One consistent message throughout the workshop was the important distinction between “policy for science” and “science for policy.” Policy for science mostly refers to the federal budget process and the allocation of federal funds to scientific research and development. Science for policy, on the other hand, is the process whereby scientists communicate science to policymakers to inform policy-making. During the CASE workshop, my cohort first learned about policy for science, mainly focusing on the many challenges of the federal budget process, and how these challenges impact science. One particularly striking issue we were exposed to concerned the balance, or perhaps more fittingly, the imbalance, between mandatory and discretionary spending in the US federal budget. Mandatory spending, comprised of entitlement programs like Medicare, Medicaid, and Social Security, makes up about two thirds of the circa $4.1 trillion US federal budget. Discretionary spending on the other hand, makes up only a third of the federal budget. Because there is bipartisan opposition to cutting entitlement programs, when the budget needs to be trimmed, cuts are made to the non-defense discretionary budget, which is already a fairly small slice of the budgetary pie. Unfortunately, this is the category in funding for scientific organizations like NSF, NASA, and the EPA fall, making those programs vulnerable to budget cuts when their activities are not deemed “necessary” spending. For me, learning about this aspect of the federal budget process brought into perspective the overarching challenges of continued federal science funding, and made it clear that effective advocacy for science is critical.
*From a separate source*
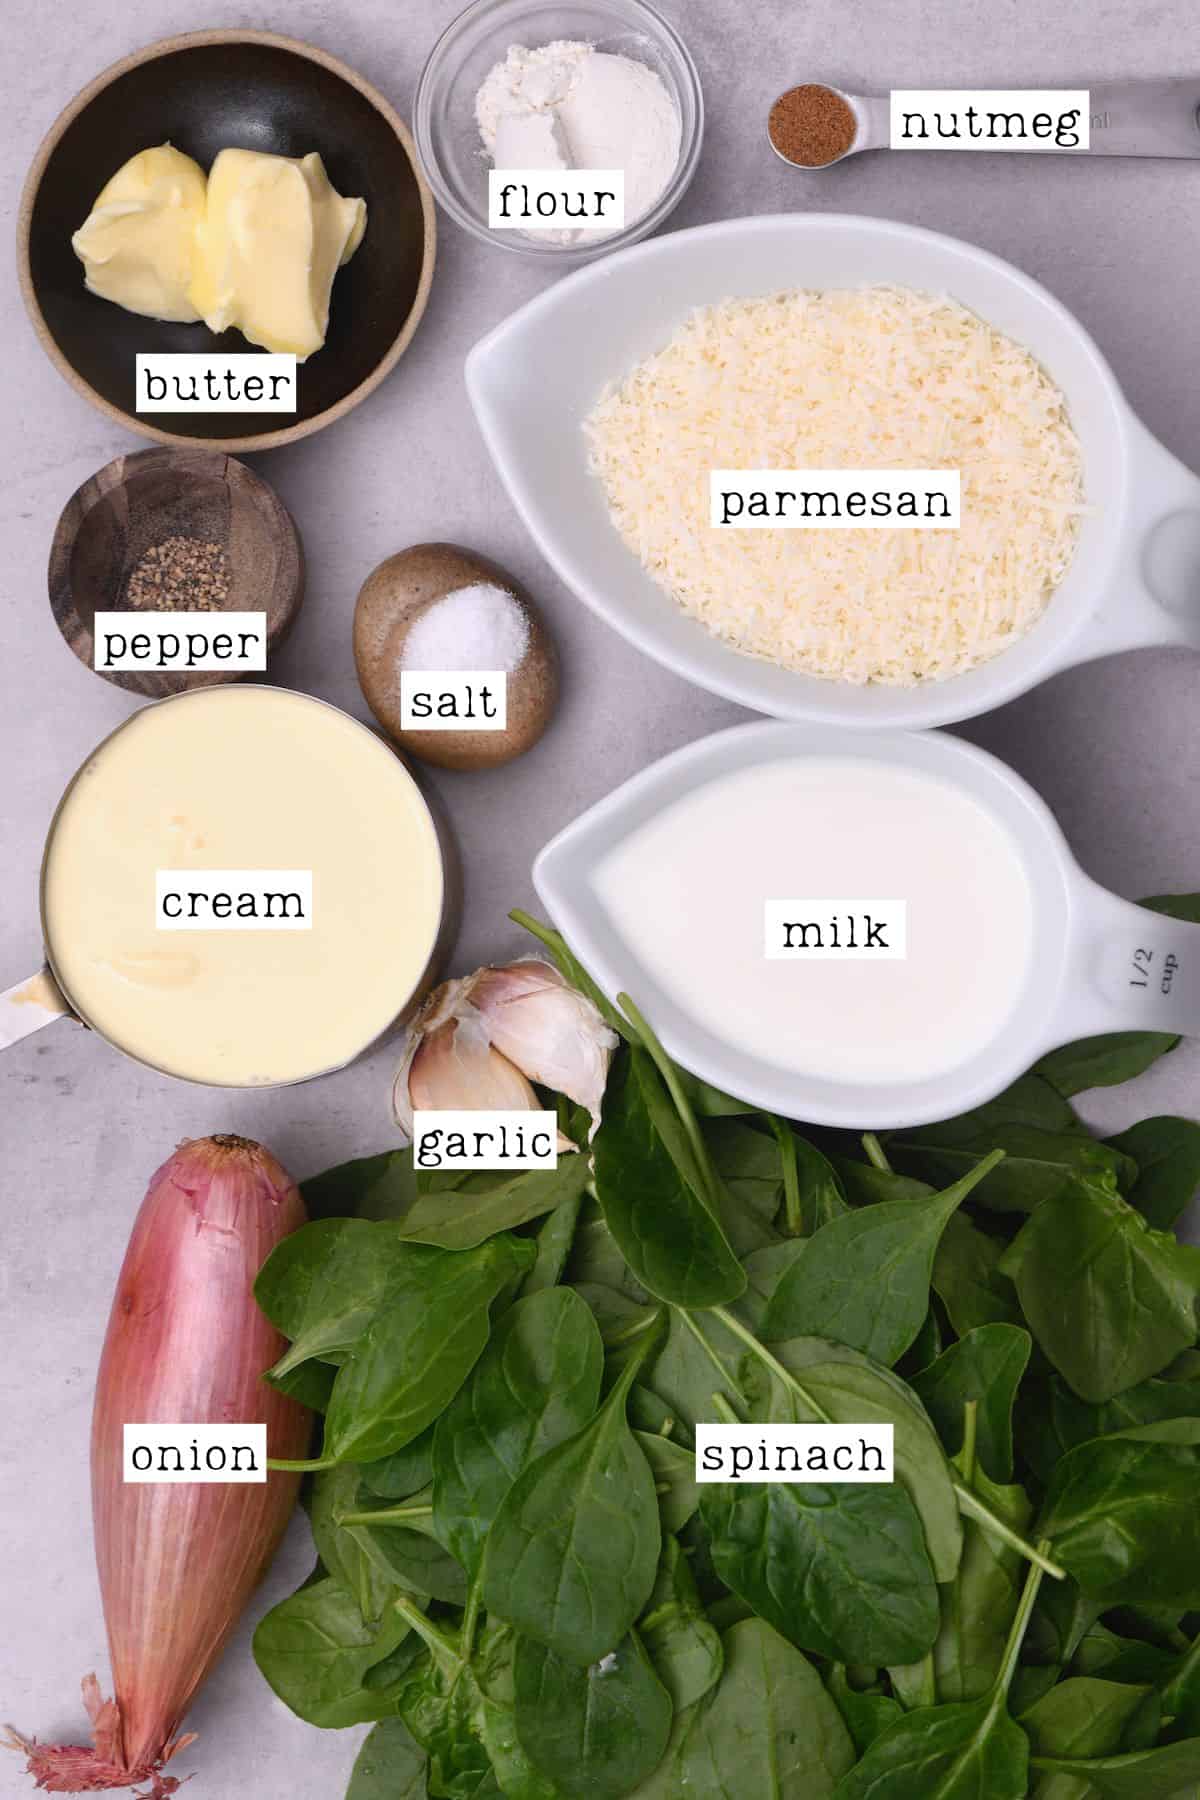 Ingredients for creamed spinach

After learning about the intricacies of policy for science, we turned our focus science for policy, and how to become more effective science communicators. According to many of the science policy officials we met with in Washington, scientists often miss out on valuable opportunities to effectively communicate their science for policy because their messages often misalign with the needs of policymakers. This misalignment often results from fundamental differences in what information science and policy spheres incorporate into their decision making processes. Policymakers often make decisions based on big‐picture, culturally‐based value systems, while, in contrast, scientists typically make decisions based on highly specific, data‐based evidence. Scientists can more effectively communicate with policymakers by 1) recognizing this communication barrier exists, and 2) incorporating storytelling and discussions of the applications and benefits of their research to addressing broader societal issues. Science is only one small piece of the decision making process, but by aligning research to economic, environmental, and societal outcomes, we can better advocate for incorporation of science into policymaking. On Hill Visit Day, the last day of the CASE workshop, my cohort members and I had the incredible opportunity to visit the Hill and advocate for scientific research with Congressional members and their staffers. With the help of the AAAS staff and our Hill guide, Heather Bené (staff member at CU’s Office of Government Relations), we had the opportunity to practice communicating our science and advocating for the incorporation of basic and applied scientific research into policymaking.
I am tremendously thankful to the University of Colorado Center for Science and Technology Policy Research (CSTPR), the Center for STEM Learning, and Graduate School for sponsoring my participation in the CASE workshop and look forward to incorporating science policy in my future career.